En la encrucijada de poderosas culturas, este puerto murciano tiene infinitas historias antiguas que compartir. Un valioso puerto natural atrajo a muchas civilizaciones a este entorno soleado del sureste, tras su fundación por los cartagineses en 227 a.C. Al fusionar las huellas dejadas por innumerables culturas en este cruce global, se puede sentir la presencia de todos, desde los vándalos hasta los fenicios y moros, mientras exploras, caminando entre ruinas y celebrada arquitectura modernista a lo largo de la Calle Mayor. Cartagena está coronada por el imponente Castillo de la Concepción: asciende al robusto castillo a bordo de un ascensor panorámico. En su interior, contempla un sinfín de tesoros arqueológicos, o admira las vistas que se extienden sobre el puerto y las aguas. Presta atención a los pavos reales de un azul eléctrico que se pasean con flamboyante elegancia. La aparición de Cartagena como destino turístico coincidió con un sorprendente descubrimiento en 1988: el bowl de un gloriosamente conservado Teatro Romano. Entra para sentarte entre el grandioso recinto antiguo, tan evocador que no puedes evitar imaginar las actuaciones históricas que han adornado su escenario. Pasea por el fresco paseo marítimo, mirando a través del estrecho hacia la lejana bruma de África, y avistando buques de guerra relucientes. El perfecto puerto de Cartagena significa que ha sido una de las posiciones navales estratégicas más antiguas de España desde el siglo XVI. Disfruta de las delicias de las tapas en animados bares, degustando paella crujiente, calamares y berenjena con miel. Las festividades de la Semana Santa son típicamente animadas aquí, con procesiones con capuchas, lujosos carros alegóricos y solemnes exhibiciones de fuego que recorren las calles.

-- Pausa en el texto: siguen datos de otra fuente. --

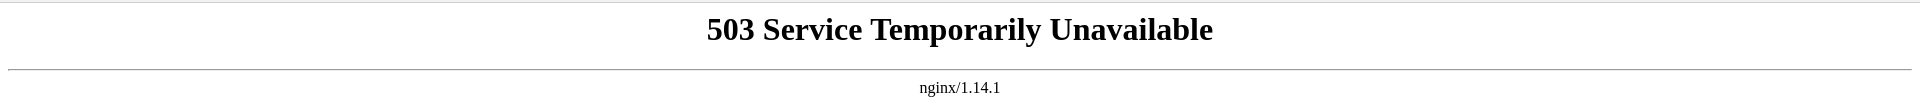 nginx503.png

Maravíllate con los suntuosos palacios, exuberantes jardines e imponentes ciudadelas que son la Alhambra. Este sitio Patrimonio de la Humanidad de la UNESCO es uno de los legados más famosos del dominio musulmán en España. Pasea por las estrechas calles empedradas del cercano Albaicín, el antiguo barrio árabe, o disfruta de una actuación de flamenco en las cuevas encaladas de Sacromonte, originalmente habitadas por gitanos.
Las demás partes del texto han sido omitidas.